Die Coaching-Zone, in der auch an diesen Zielen gearbeitet werden soll, ist ein ehemaliges Klassenzimmer, das Schülerinnen und Schüler der Berufsfachschule im Übergang zur Ausbildung im Schwerpunkt Bautechnik zusammen mit Fachlehrer Burkhard Meuser umgestaltet haben. Der Raum bietet nun ein freundliches Ambiente für Gruppengespräche. In einem abgetrennten Bereich kann aber auch unter vier Augen über ganz andere Probleme wie etwa Prüfungsangst gesprochen werden. Denn die Arbeit von Magdalena Schmidt ist nur ein Teil der Beratungsangebote, die es an den Gewerblichen Schulen gibt. Die reichen von der Ausbildungsbegleitung über Suchtprävention und die Schulseelsorge bis zur Schullaufbahnberatung und Unterstützung bei Lese- und Rechtschreibschwächen.
In der Coaching-Zone: Schüler und Lehrkräfte freuen sich zusammen mit Karl Müßner (hinten, 3.v.l.) Respekt-Coach Magdalena Schmidt, Landrat Wolfgang Schuster und Schulleiter Jonas Dormagen über die neuen Räumlichkeiten. Fotos: Frank Rademacher
Als Teil einer Mannschaft verstehen
Letztere hätten in der Pandemie zugenommen, berichtete Schmidt anlässlich der Einweihung der Coaching-Zone. Überhaupt habe die mit Corona verbundene zeitweise Isolation die Jugendlichen gerade in einer schwierigen Entwicklungsphase getroffen, in der sie lernten, Grenzen auszutesten. Nun gehe es verstärkt darum, sich wieder als Teil einer Mannschaft zu verstehen, Sozialkompetenzen zu erwerben.Zugleich geht es Schmidt darum, einer möglichen Radikalisierung vorzubeugen. Da stellten die Sozialen Medien eine enorme Gefahr dar. Entsprechende Gefährdungen zu erkennen, sei deshalb extrem wichtig.

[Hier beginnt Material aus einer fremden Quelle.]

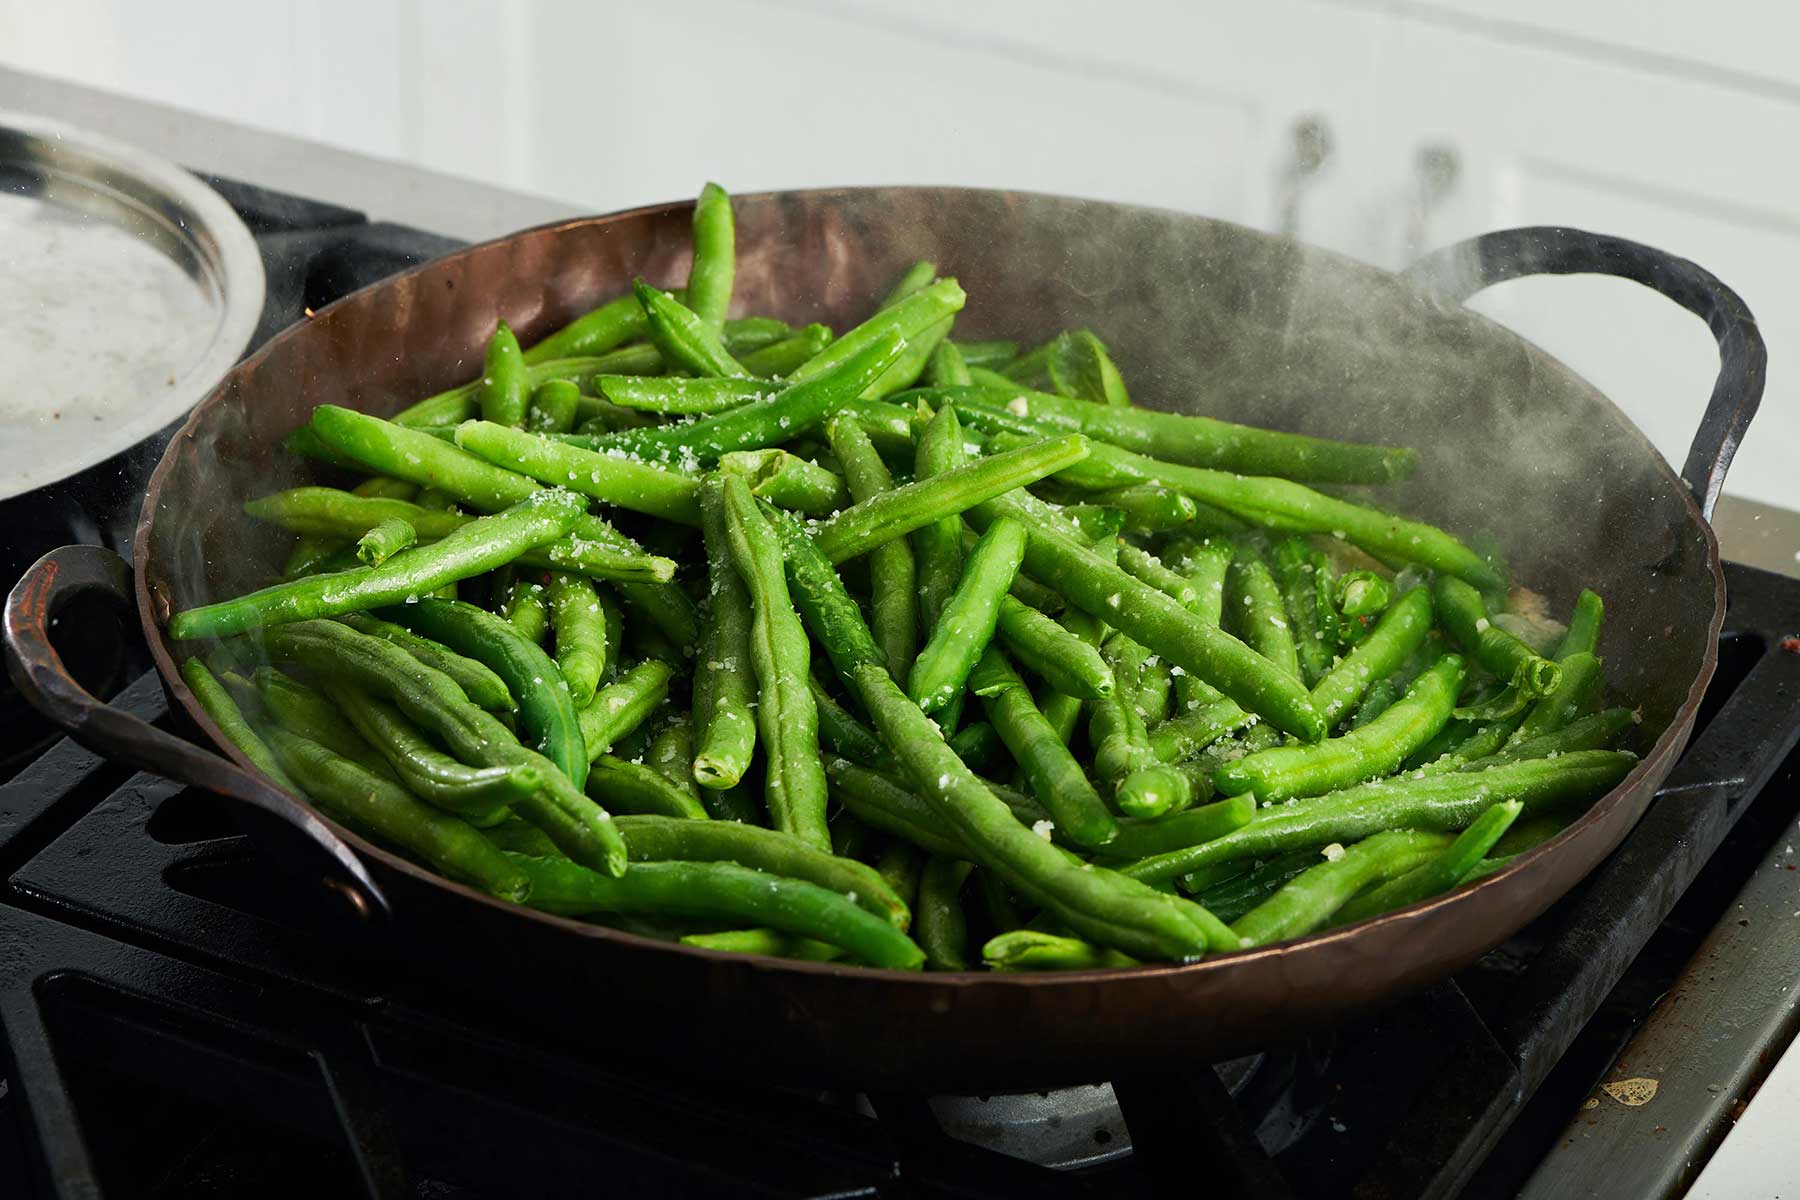 Steam coming off of a skillet of green beans.
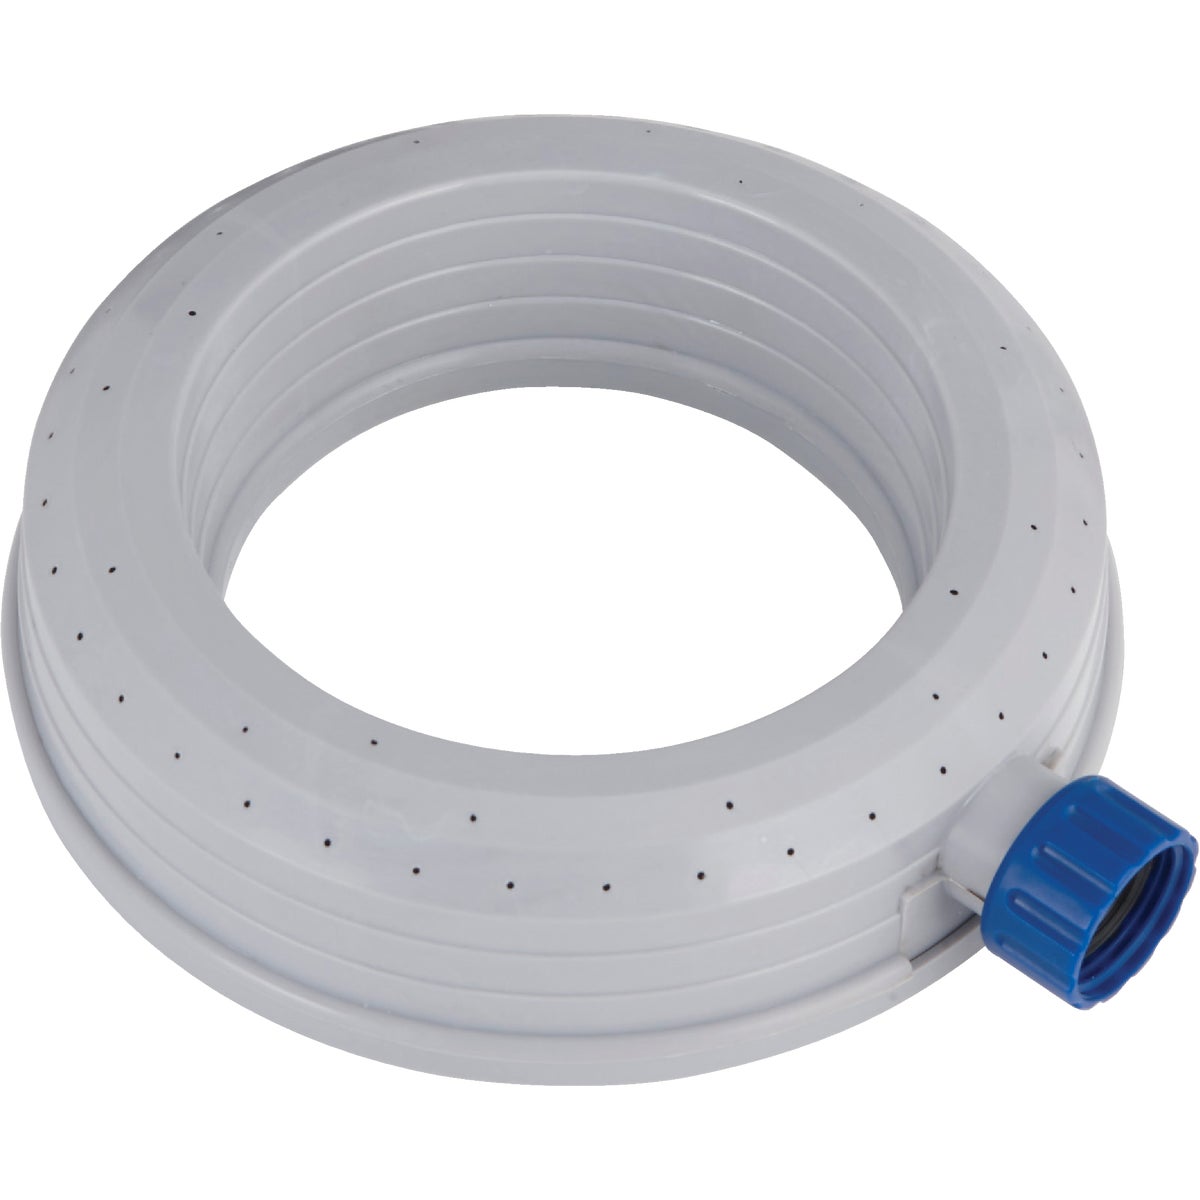 Item 724416, Poly ring sprinkler with swivel connection covers up to 900 Sq. Ft.

Mitunter, und verstärkt durch die Corona-Beschränkungen, fehle den Schülerinnen und Schülern dafür der Austausch und die Regulierung durch die Gruppe wie die Klassengemeinschaft. Um besser gewappnet zu sein, will Schmidt die Schüler auch stärken, sie in die Lage versetzen, die eigene Position sicher und entschieden vertreten zu können. Zugleich aber sollen sie dies mit der nötigen Toleranz gegenüber anderen Haltungen und Meinungen tun.
Diakonisches Werk unterstützt die Schule
Schmidt will dies schaffen, indem sie selbst aktuelle Themen aufgreift, Theaterworkshops und erlebnispädagogische Projekte anbietet. Neben den eigenen Angeboten sollen aber sowohl die Lehrkräfte als auch die Schülerinnen und Schüler Themen vorschlagen. Die „Trainingsarbeit“ kann außerhalb der Schulzeit oder in Stunden, die Lehrer dafür zur Verfügung stellen, stattfinden.
„Als wir in dem Alter waren, gab es das nicht“, erinnerte Landrat Wolfgang Schuster (SPD) an eine Zeit, in der es nach dem Eintrag des Lehrers als Zugabe üblicherweise noch eine Ansprache im Elternhaus gegeben hatte. Er zollte der Schule zugleich seinen Respekt, sich dieser Aufgabe zu stellen: „Vielen Dank für die Mühe, die Ihr Euch macht“, sagte Schuster.
Unterstützt wird die Schule dabei vom Diakonischen Werk, das mit Bundesmitteln die Arbeit von Magdalena Schmidt finanziert. Karl Müßener, Leiter der Diakonie an der Dill, erinnerte an die seit 20 Jahren bestehende Zusammenarbeit mit den Gewerblichen Schulen. „Wir sind hier am richtigen Platz“, versicherte er.